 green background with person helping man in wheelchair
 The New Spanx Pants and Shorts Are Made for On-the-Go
--
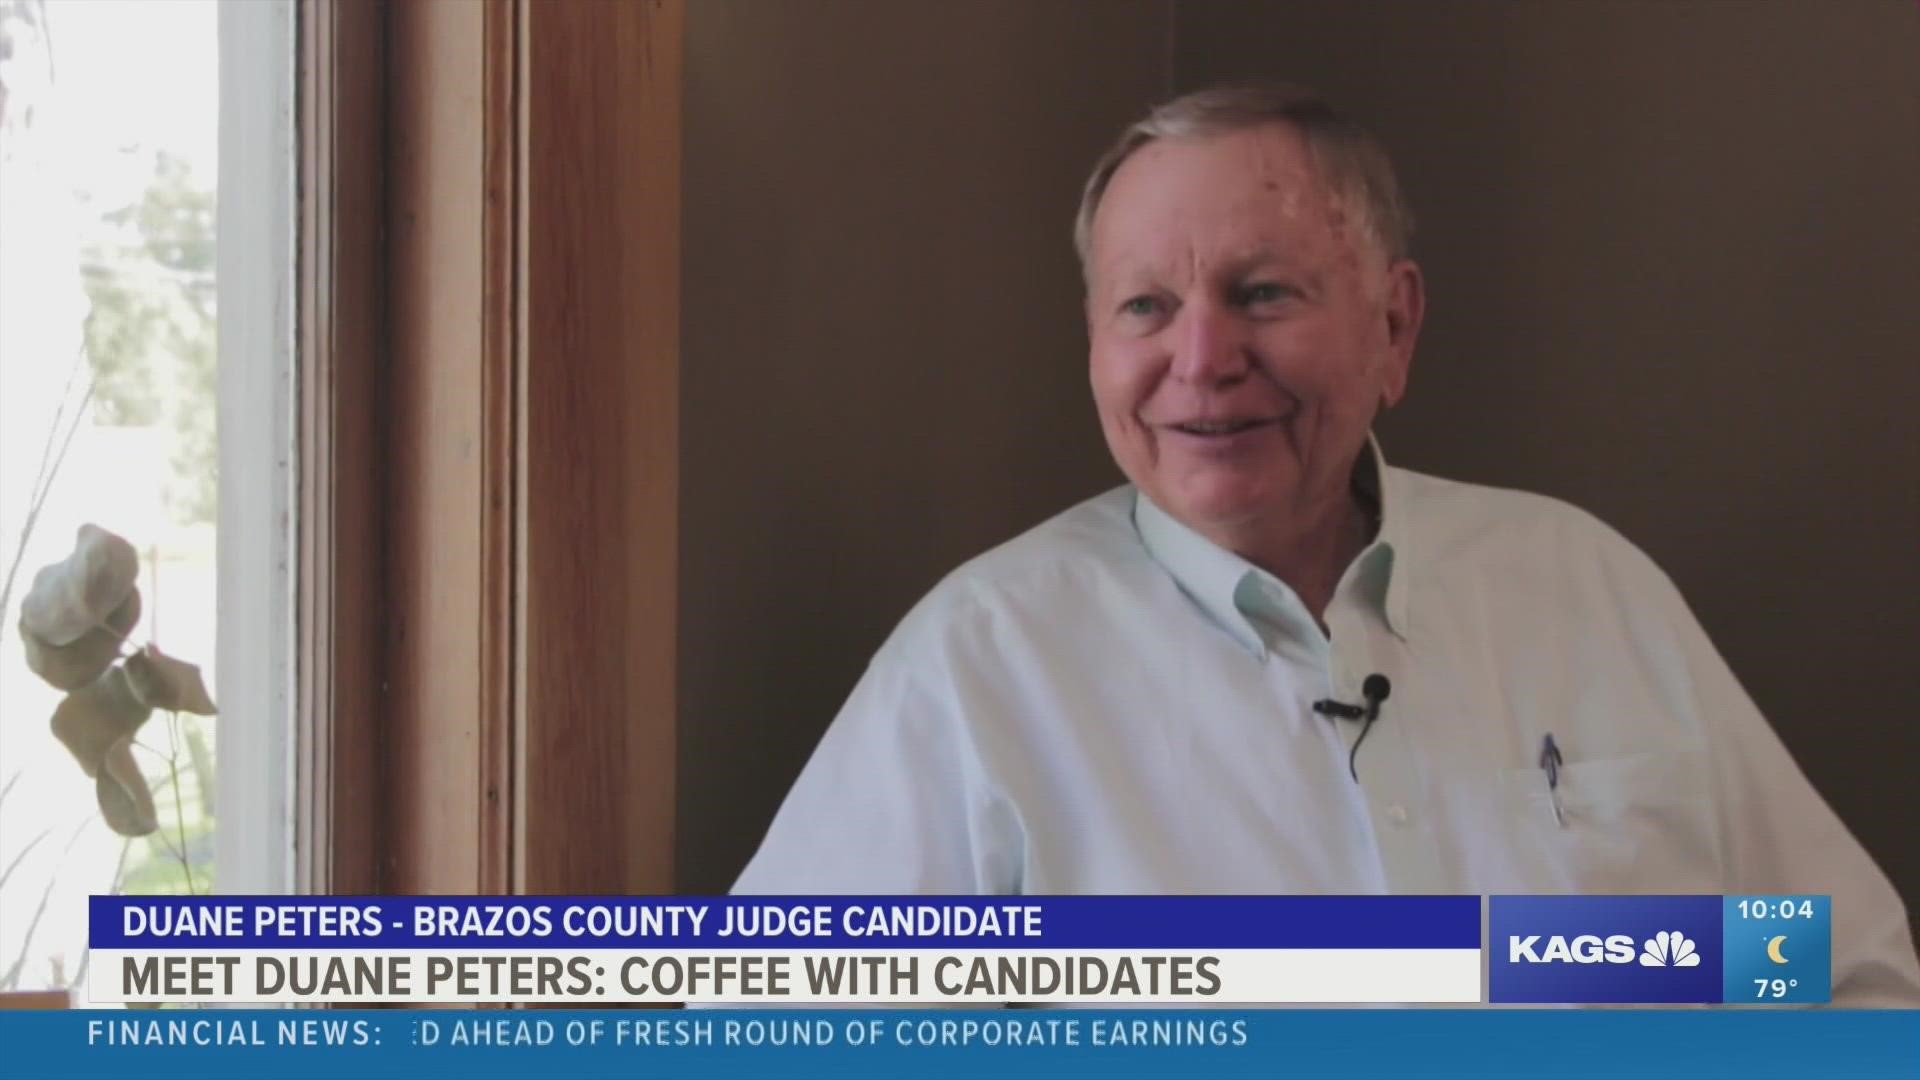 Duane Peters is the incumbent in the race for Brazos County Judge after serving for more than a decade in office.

■ **What you will do**:
From the listing above, output exactly the run of lines that starts with the line containing "green background with" and ends with the line containing "The New Spanx".

■ **Task output**:
 green background with person helping man in wheelchair
 The New Spanx Pants and Shorts Are Made for On-the-Go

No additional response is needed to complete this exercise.